LUC also denied Foundation's Intervention Request as moot.
Foundation appealed, and the circuit court vacated
LUC's Order Granting Petition. The circuit court held that the
proposed campground could be approved by Special Permit and did
not require a Boundary Amendment. In doing so, the circuit court
explained that HRS § 205-4.5(a)(6) (Supp. 2015) "did not
'expressly prohibit' overnight camps within the agricultural
district" and LUC's conclusion to the contrary was incorrect.

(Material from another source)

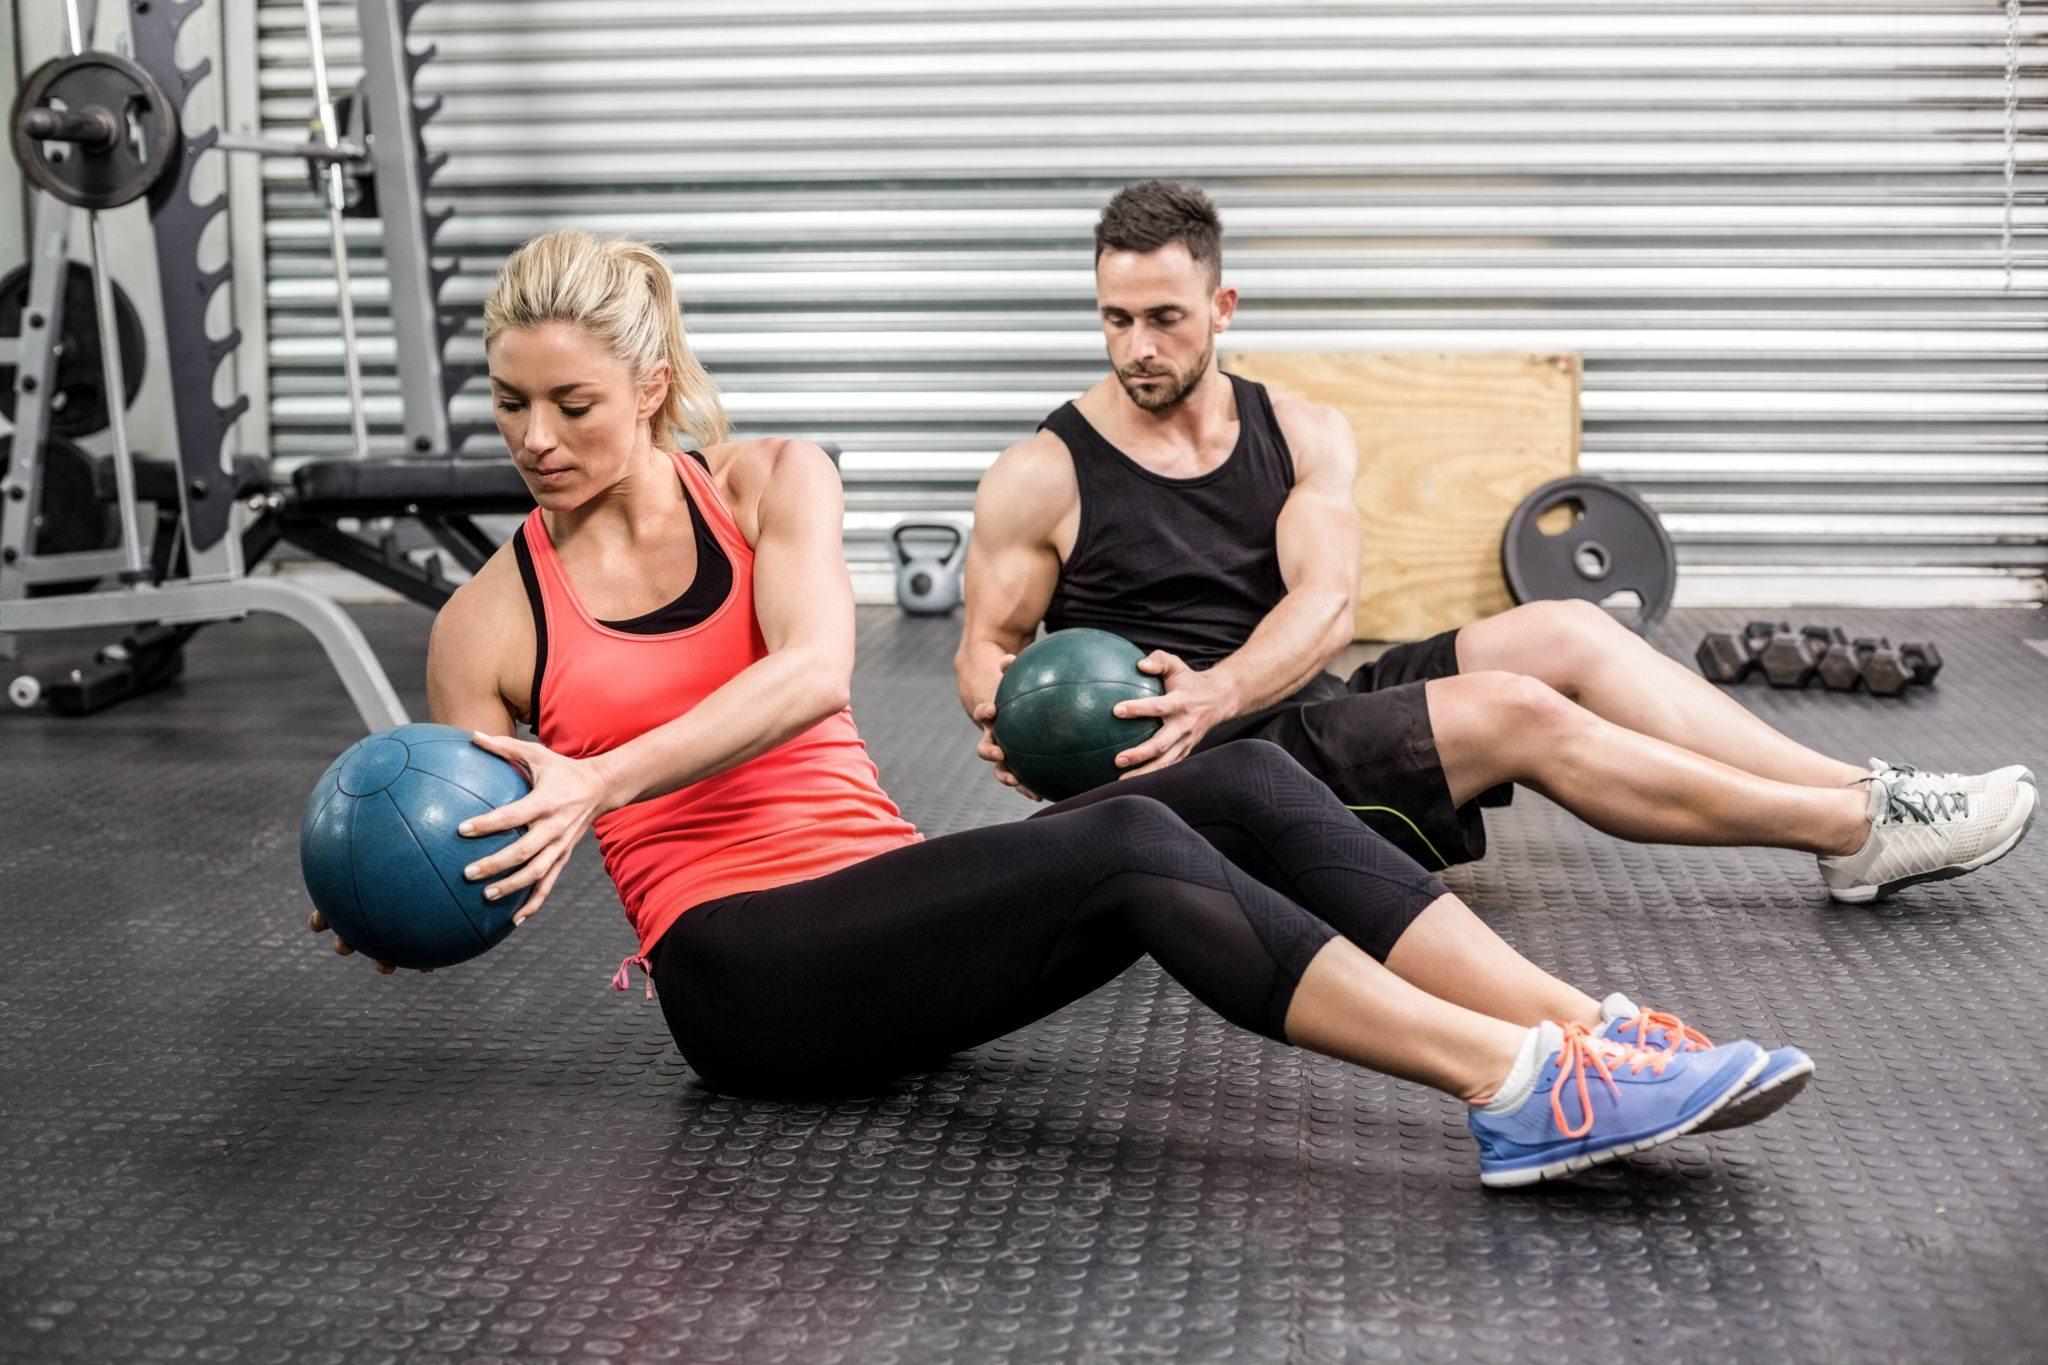 Модная спортивная одежда 2020: 5 трендов для фитнеса | trendy-u

The circuit court also explained that "uses not expressly
permitted in subsection (a) of HRS §205-4.5 are prohibited unless
permitted as provided in HRS §205-6 (2017), which is the special
use permit statute, and HRS §205-8 which is the non-conforming
use statute."3 The circuit court noted that it was persuaded by
the Hawai#i Supreme Court's reasoning in Maha#ulepu v. Land Use
Comm'n, 71 Haw. 332, 790 P.2d 906 (1990), and vacated LUC's Order
Granting Petition. The circuit court also reversed the Order
Denying Intervention, and remanded the matter to LUC for further
proceedings. This appeal followed.
II. Standards of Review
"In a secondary appeal, this court applies the
standards of HRS § 91-14(g) [(2012)] to determine whether the
circuit court decision was right or wrong." Mauna Kea Anaina Hou
v. Bd. of Land & Nat. Res., 136 Hawai#i 376, 388, 363 P.3d 224,
236 (2015). However, a challenge that "LUC exceeded the scope of
3
HRS § 205-8 is not applicable in this case.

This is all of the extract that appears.